Warto zrobić ten jeden krok i pochodzić, choćby nawet dwa tygodnie ? Dla nabrania doświadczenia ?
Jak uważasz, że związek nie jest dla Ciebie skoro go nigdy nie spróbowałeś? Wprawdzie Twoje postępy w podrywaniu trochę zwalniają( no chyba, że masz to gdzieś i podrywasz będąc w związku) ale jest dużo innych plusów
Sic Luceat Lux
"...ale chodzenie wydaje mi się nie dla mnie." - narazie Ci się wydaje. Sprawdź to będziesz wiedział.

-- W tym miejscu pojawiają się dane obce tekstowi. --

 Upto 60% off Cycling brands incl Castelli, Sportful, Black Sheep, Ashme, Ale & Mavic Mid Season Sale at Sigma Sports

Czas dorosnąć ale w sumie masz dopiero 15lat, wszystko przed Tobą.
Jak poznasz odpowiednią laskę to w jednej chwili stwierdzisz, że związek z nią jest Ci potrzebny Nic na siłę.
pozdr
Ja miałem tak przez dwa lata, że tylko się spotykałem i podrywałem. Teraz znalezłem dziewczynę, której szukałem. Jeśli chodzi o bycie z kimś to trzeba wiedzieć, że to właśnie odpowiednia osoba dla Ciebie. Musisz dojrzeć do etapu bycia w związku. To nic złego jak na razie nie chcesz mieć dziewczyny i na siłę nie pchaj się w nic. Kiedy poczujesz, że ta dziewczyna i tylko ta Ci wystarczy to wtedy zaangażuj się w coś poważnego, w prawdziwy dojrzały związek.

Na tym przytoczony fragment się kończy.